One could also argue that M. truncatula genotypes are effectively infected by only one strain of the rhizobial mix when grown on soil with/without carvacrol and that differences in rG reported here merely reflect the fact that rGs are defined over a slightly different set of M×R associations in each soil environment. We currently do not have a detailed molecular genotyping system for the rhizobia strains, and thus cannot formerly rule out this hypothesis. However, we find it unlikely given that we specifically chose a set of rhizobia strains that were proven to be all nodulating and beneficial as single culture (Heath 2010).

Medicago truncatula, T. vulgaris, and S. meliloti commonly co-occur in nature and, barren the cautionary remarks above, our results suggests that the patchy environment created by presence/absence of thyme among sites where partners interact will affect the evolutionary dynamic of the M. truncatula–S. meliloti mutualism. The presence of a thyme monoterpene in the soil drives a positive correlation between plant and rhizobia fitness. This is interesting for two reasons. First, there is a general belief that such correlations should be negative (Sachs and Simms 2006; Heath 2010). Second, the existence of an environment where the correlation between partner fitness is positive can potentially stabilize this mutualism by aligning the fitness interest of the two partners.
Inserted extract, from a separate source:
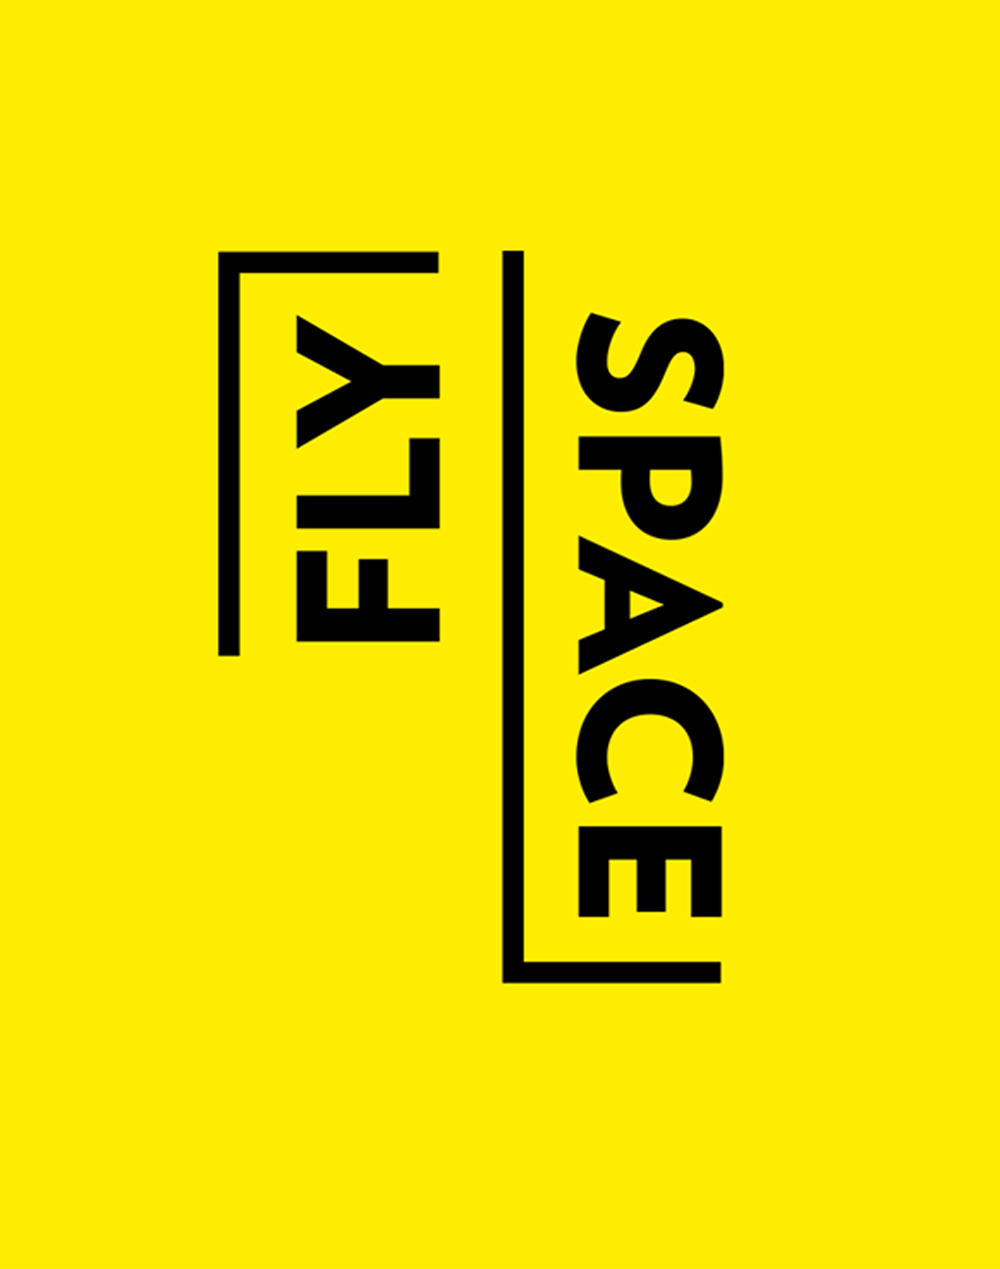 Fly Space
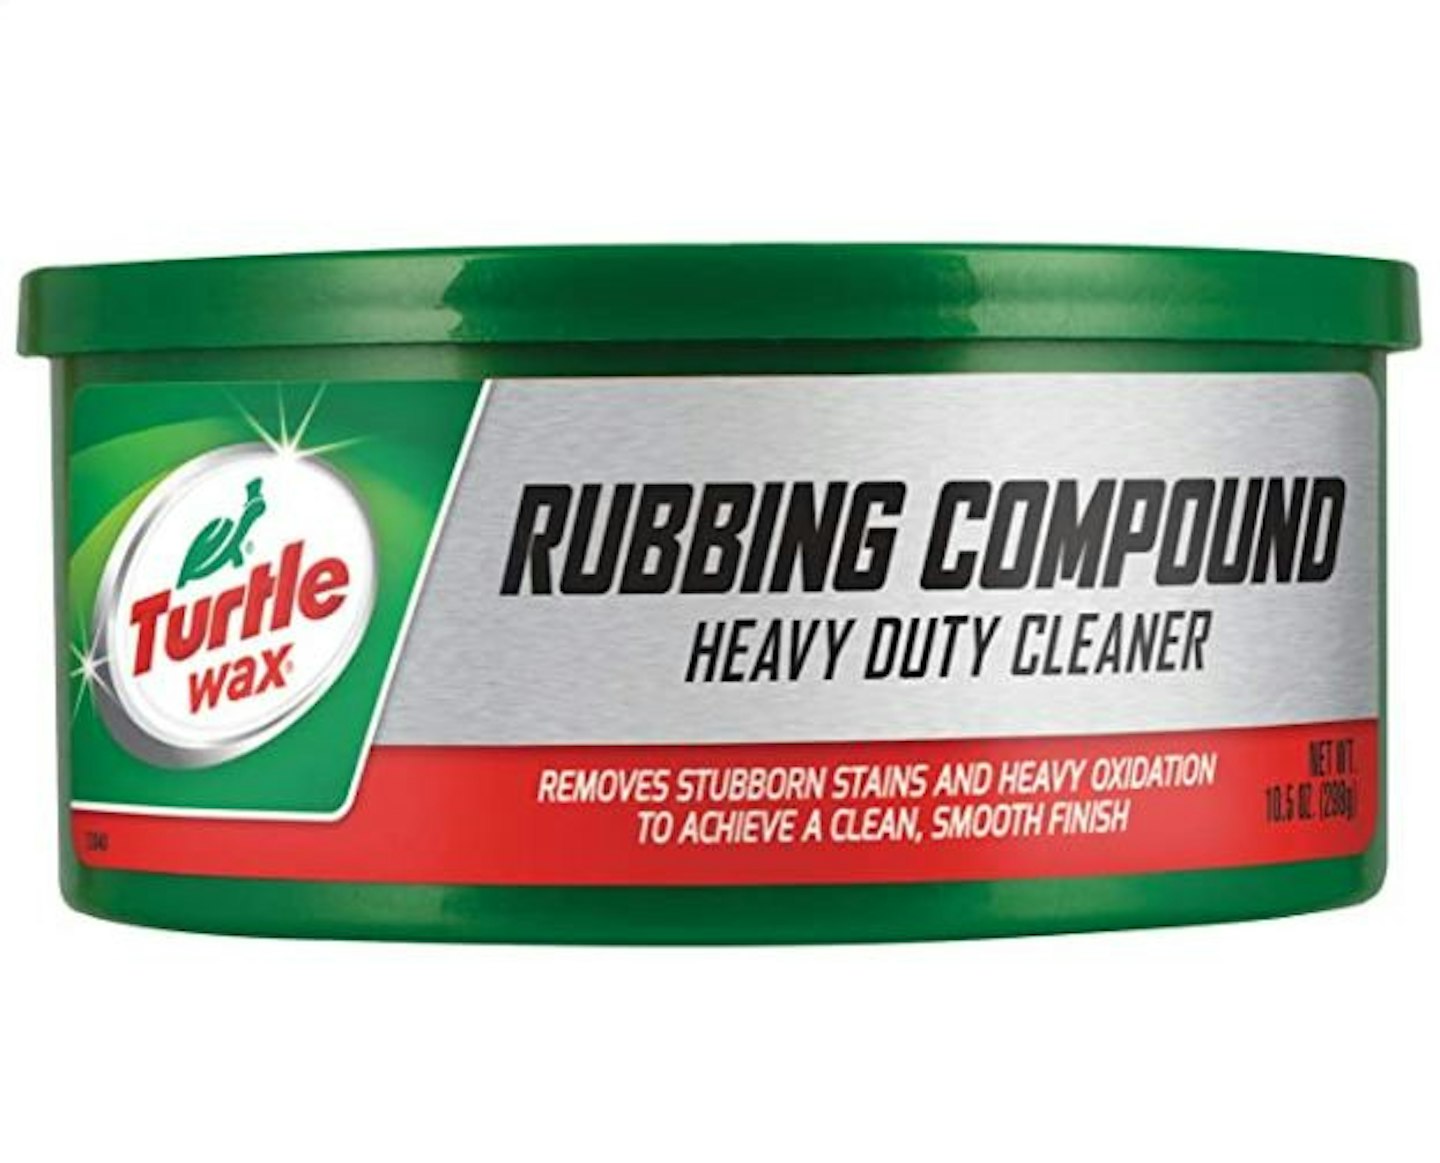 Turtle Wax Rubbing Compound Heavy Duty Cleaner 298g

We did not test if the fitness of free-living S. meliloti strains was affected by carvacrol in the soil. However, essential oils from aromatic plants are renowned for their antimicrobial activity and the inhibitory effect of essential oil—including carvacrol—on the growth of free-living Rhizobium leguminosarum is documented (Sivropoulou et al. 1995, 1996). Rhizobium may benefit from the interaction with plants as the nodules create an environment sheltered from the mono-terpenes.

In summary, our results suggest that the fitness performances of partners of a tight mutualism (involving here the model legume M. truncatula and associated specific rhizobia) can be affected by the presence/absence of a third biotic species (thyme). One caveat remains: the genetic correlations and reactions norms we estimated are defined over the whole set of G×G associations used as a virtual reference population. Depending on the spatial level considered and the level of genotypic diversity available within population for each partner, only a fraction of these G×G associations may actually “meet and compete” in nature. Future studies employing a similar G×G×E factorial design but encompassing more genotypes per geographic location will have the potential to quantify the relative importance of heterogeneity in the biotic and abiotic environment for shaping local adaptation and coevolution of interacting species (Nuismer and Gandon 2008).